[Start of section]
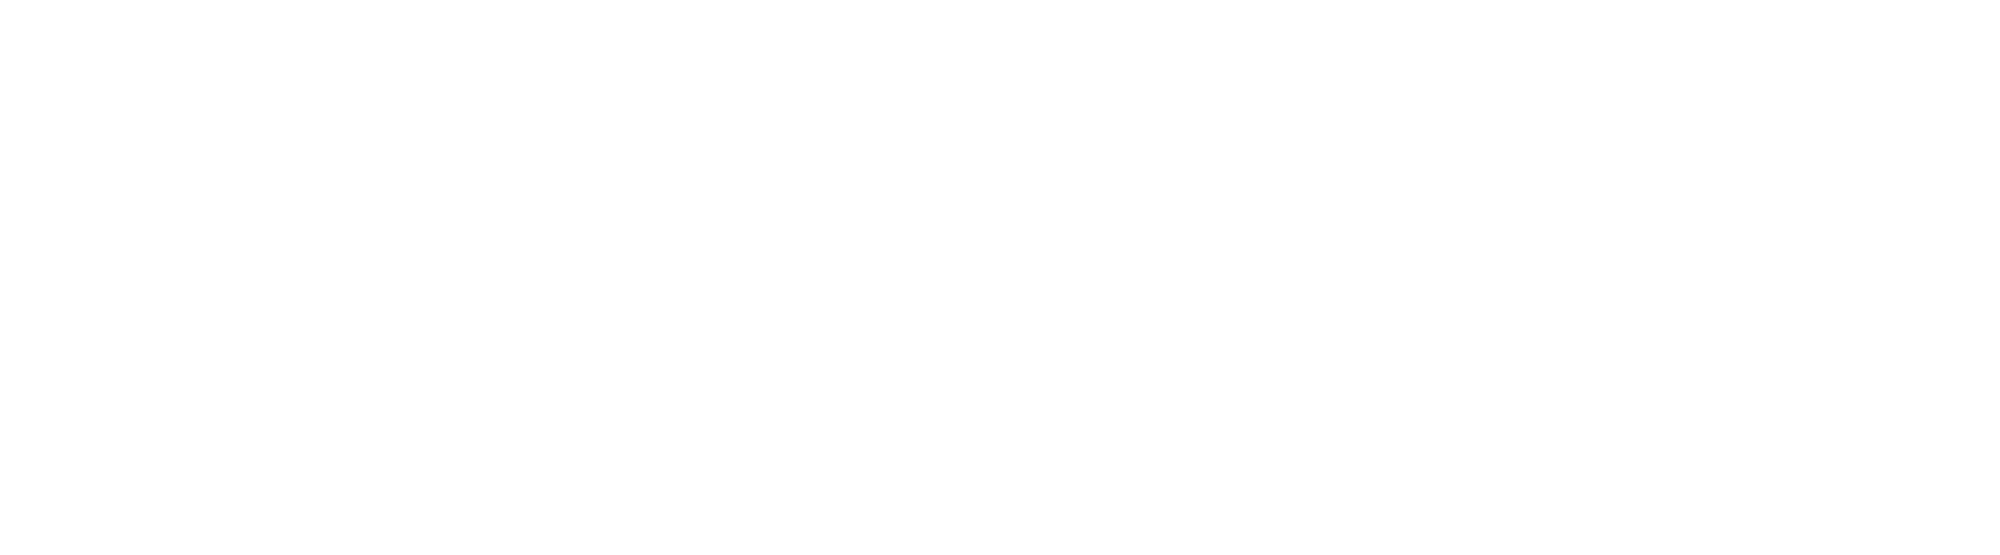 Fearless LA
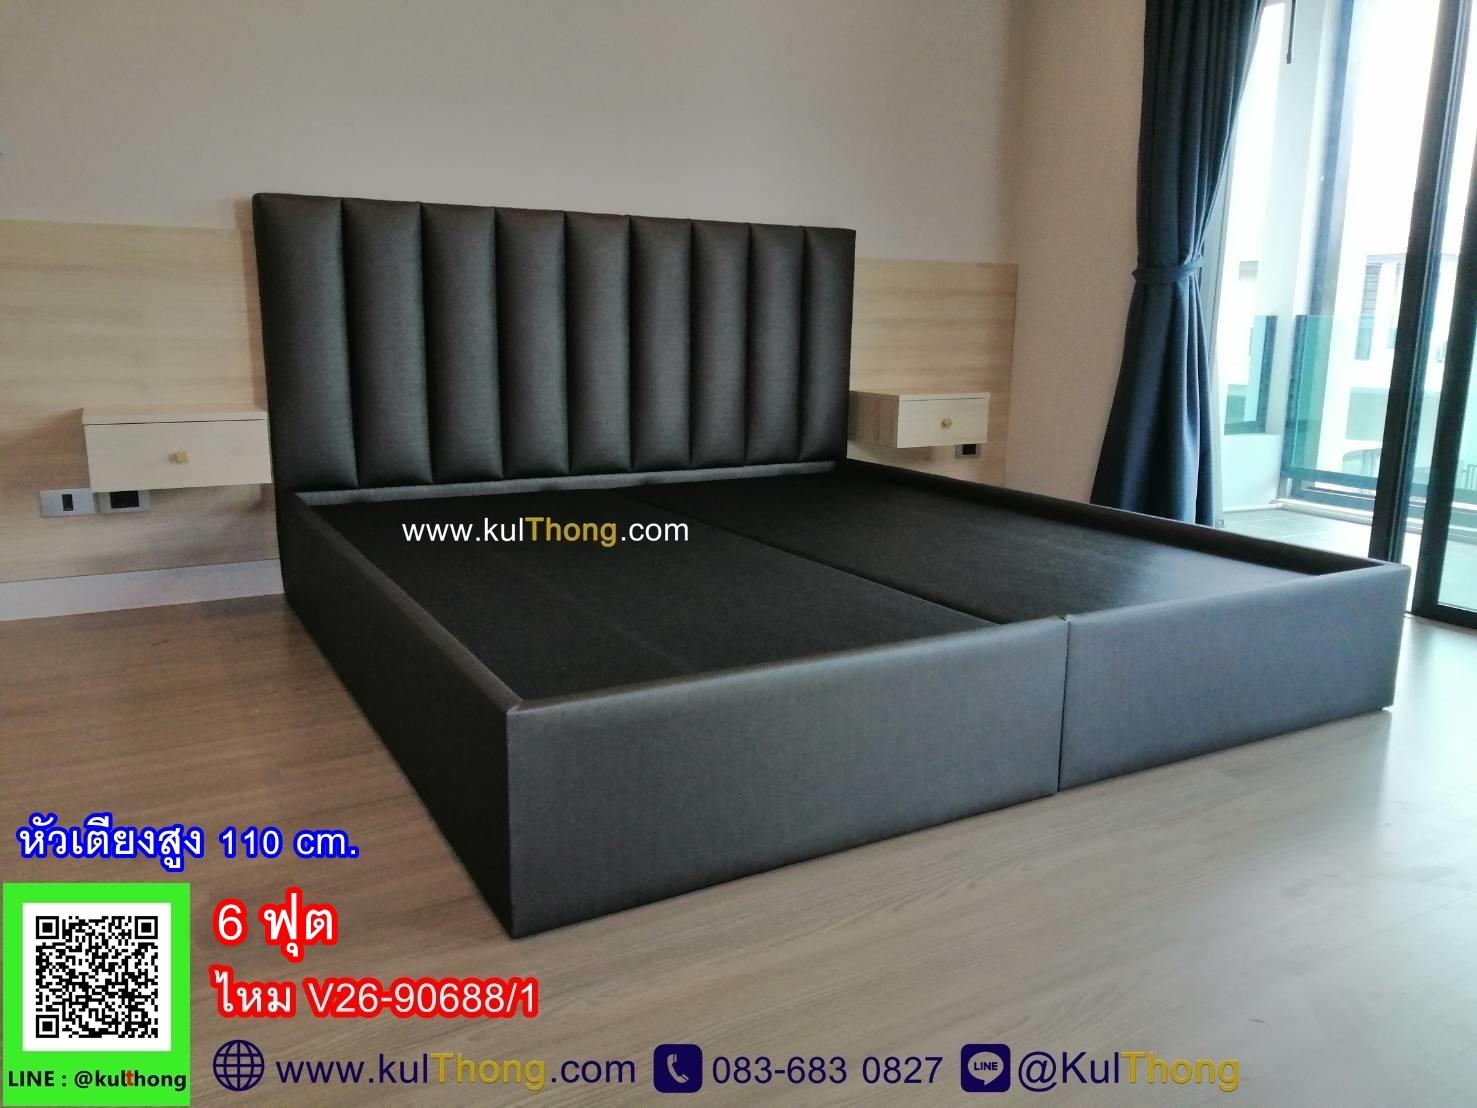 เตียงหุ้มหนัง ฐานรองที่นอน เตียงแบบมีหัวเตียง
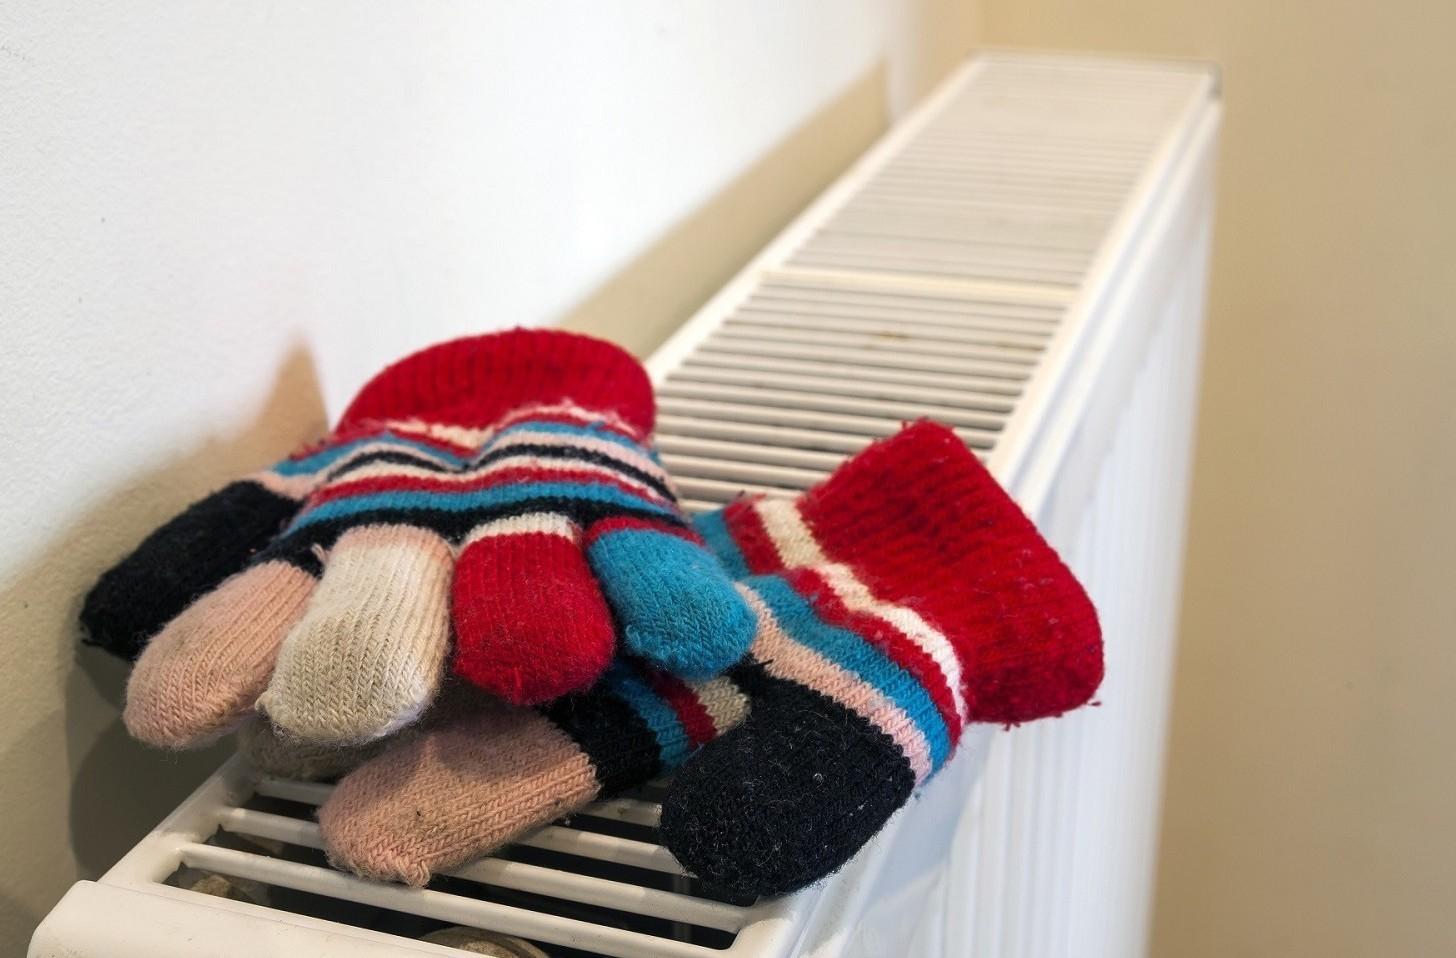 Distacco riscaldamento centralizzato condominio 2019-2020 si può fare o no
[End of section]
[Start of section]
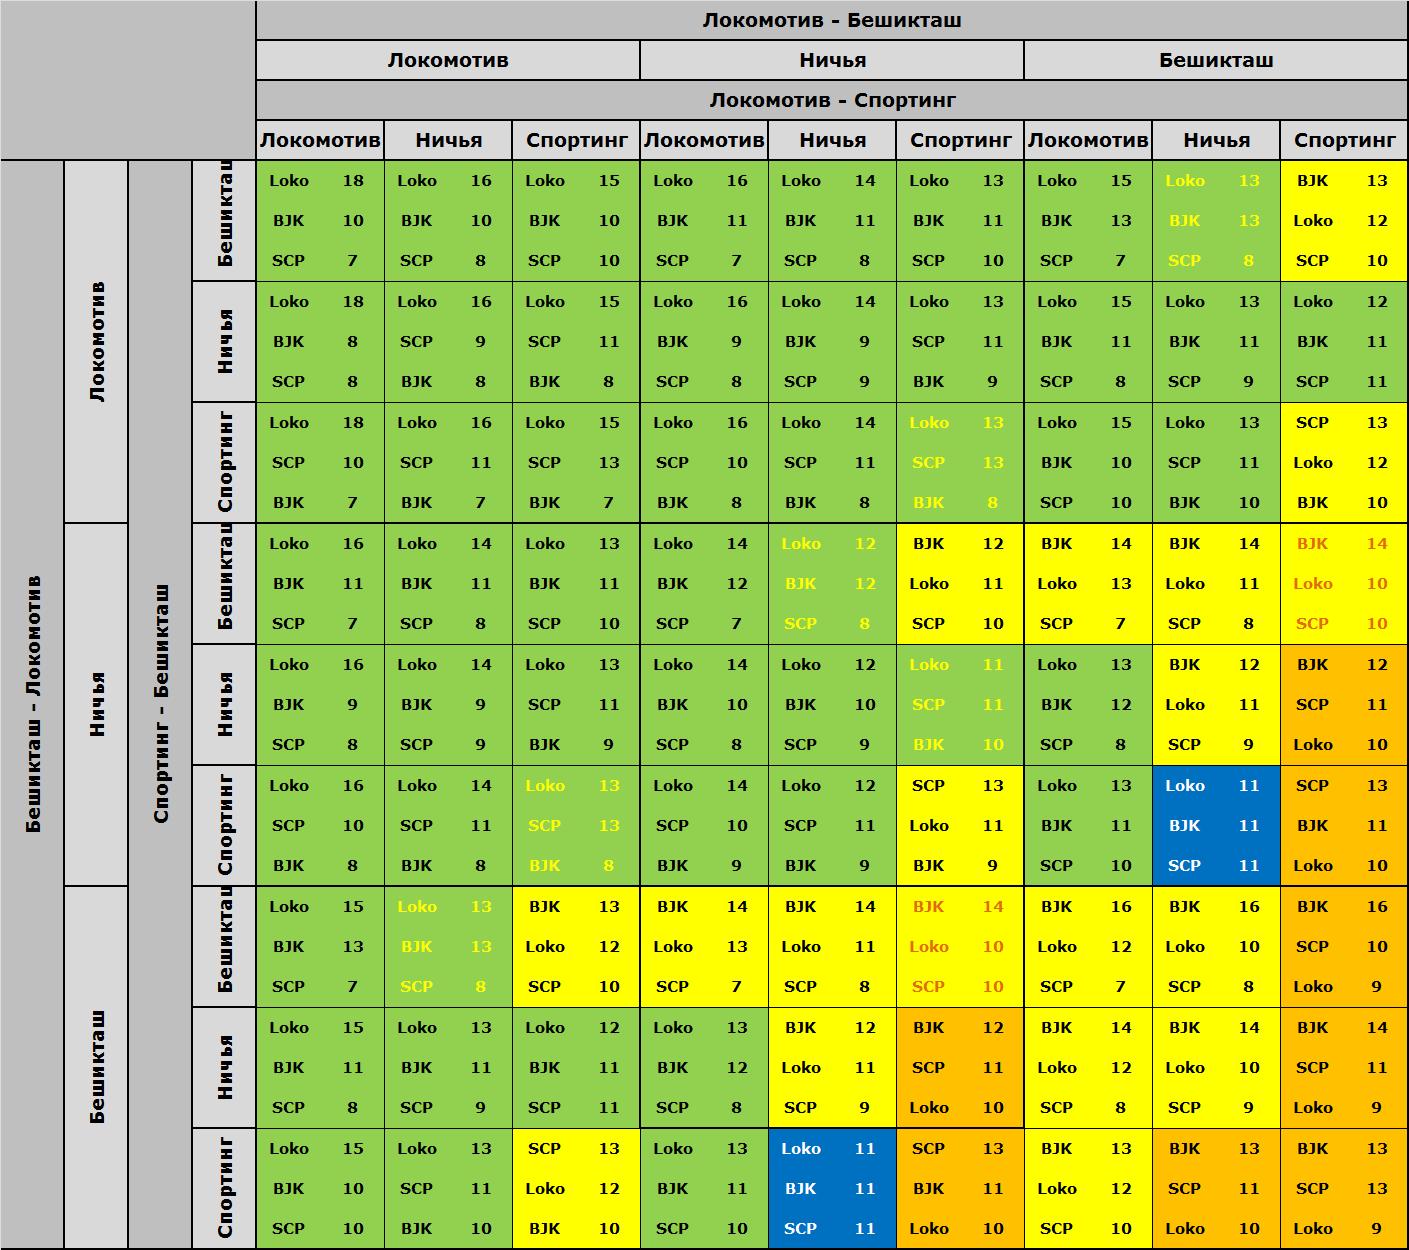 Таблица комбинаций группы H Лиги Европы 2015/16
[End of section]
What the exercise asks
Exact copy, pictures excluded: from the line with "Fearless LA" up to and including the line with "Distacco riscaldamento centralizzato" in the data above.

Answer for this exercise
 Fearless LA
 เตียงหุ้มหนัง ฐานรองที่นอน เตียงแบบมีหัวเตียง
 Distacco riscaldamento centralizzato condominio 2019-2020 si può fare o no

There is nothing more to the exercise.